In a series of publications [2,18,22,23,24,41,42], we have presented a theory of brain OA. This theory states that the simplest mental/cognitive operations that are responsible for qualia or simple computations are presented in the brain in the form of local three-dimensional fields produced by transient functional neuronal assemblies, while the complex operations that are responsible for complex operations, objects, images or thoughts are instantiated by coordinated/synchronized simple operations (temporal coupling of local 3D fields) in the form of so-called operational modules (OM) that may be of varied complexity and life-span. As such, brain OA is presented as a highly structured and dynamic extracellular electric field nested in spatial and temporal domains [23,24] and over a range of frequencies [50], thus forming a particular operational space–time (OST) [23]. This OST exists within brain internal physical space–time (IPST) and the best way to capture it is through the electroencephalogram (EEG) measurement [51,52]. The main property of this OST level of brain organization is that it intervenes between IPST level, where it literally resides, and the experiential/subjective phenomenal space–time (PST) level, to which it is isomorphic [23,41]. Furthermore, the OST level has emergent properties relatively independent from the neurophysiological/neuroanatomical properties of the IPST level; however, it has one-to-one correspondence with the PST level that supervenes on the OST level and is ontologically inseparable from it [23,24].
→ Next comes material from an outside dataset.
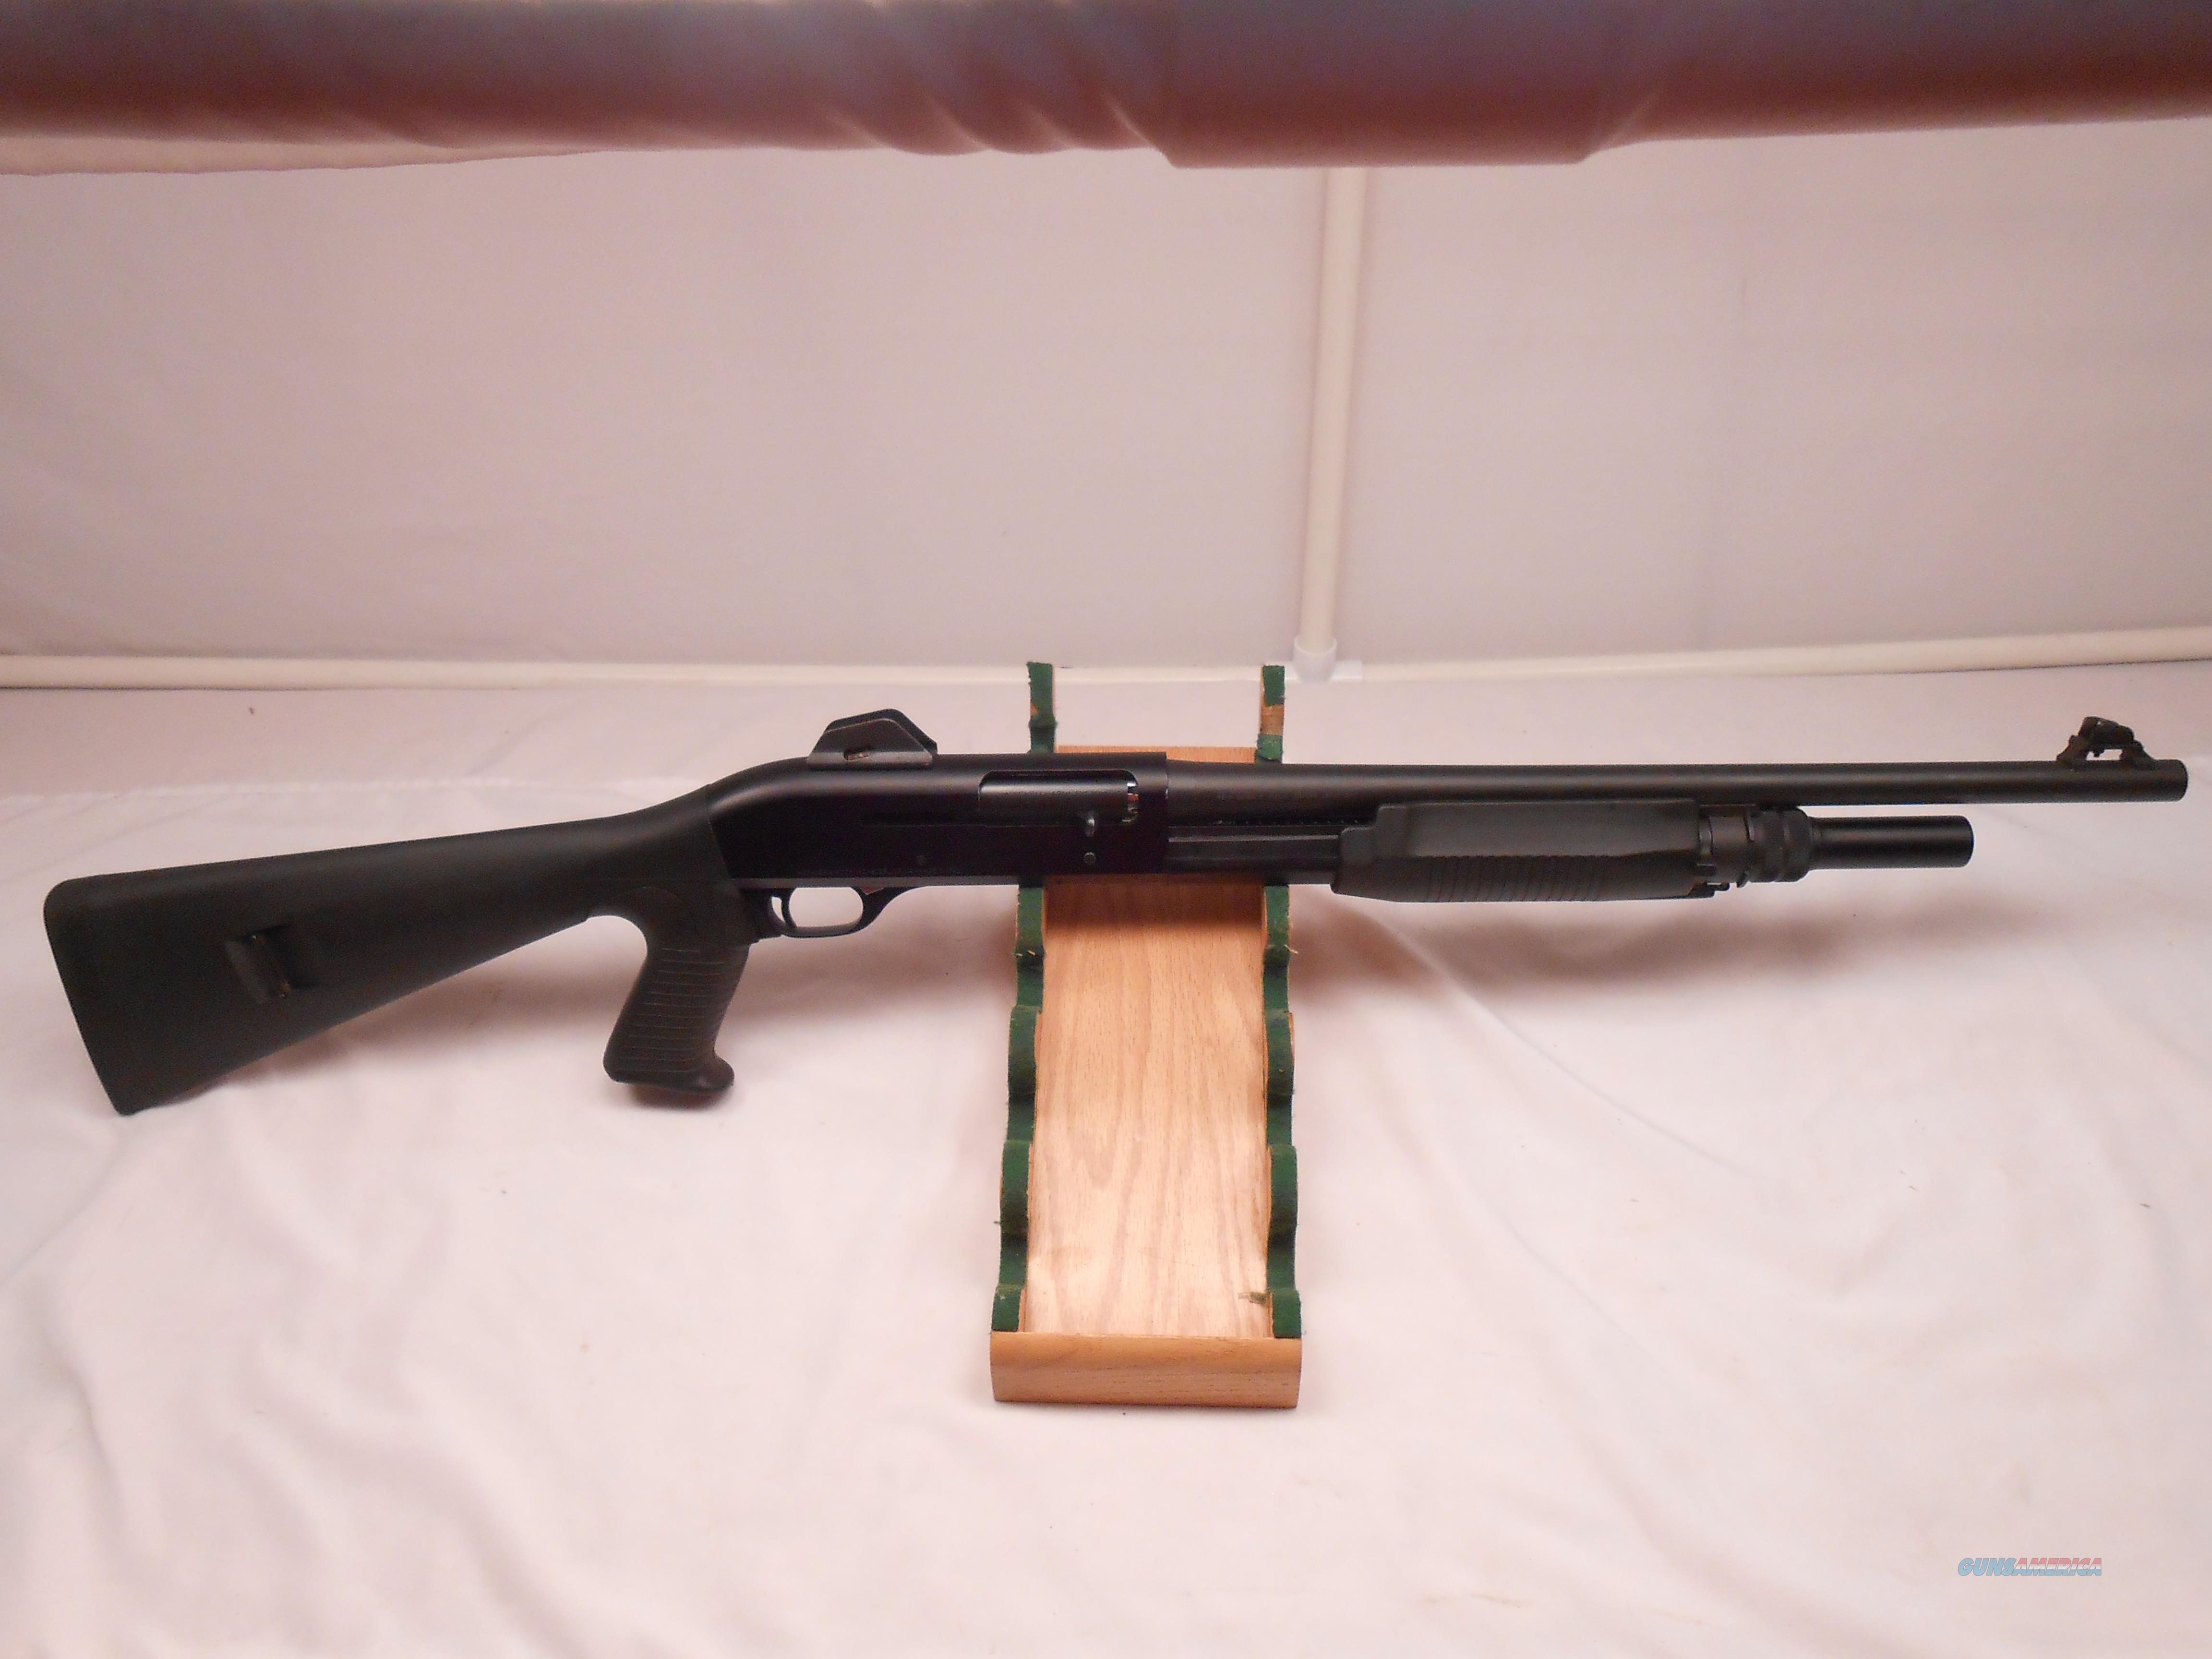 Benelli M3 super 90  Guns > Shotguns > Benelli Shotguns > Tactical

According to the OA theory and in agreement with the metastability principle, OMs (that are produced by repetitive synchronization of lower-order operations performed by many neuronal assemblies along the cortex, with scale-free, power-law dynamics) are metastable because of intrinsic differences (including semantic) in the activity between neuronal assemblies that constitute every given OM: each neuronal assembly is autonomous by doing its own job, while at the same time still retaining a tendency to be coordinated together within the same OM in order to execute a given macro-operation [23,24,53]. A metastable regime gives tremendous functional advantages for the brain–mind system, for example, speed, flexibility, resilience [21,44] and a tremendous increase in the number of available transient states within and between different levels of a nested functional hierarchy and spanning over several time scales [18,29,54], thus allowing an expression of virtually unlimited diversity of informationally-rich and sophisticated mental and cognitive states [25,53].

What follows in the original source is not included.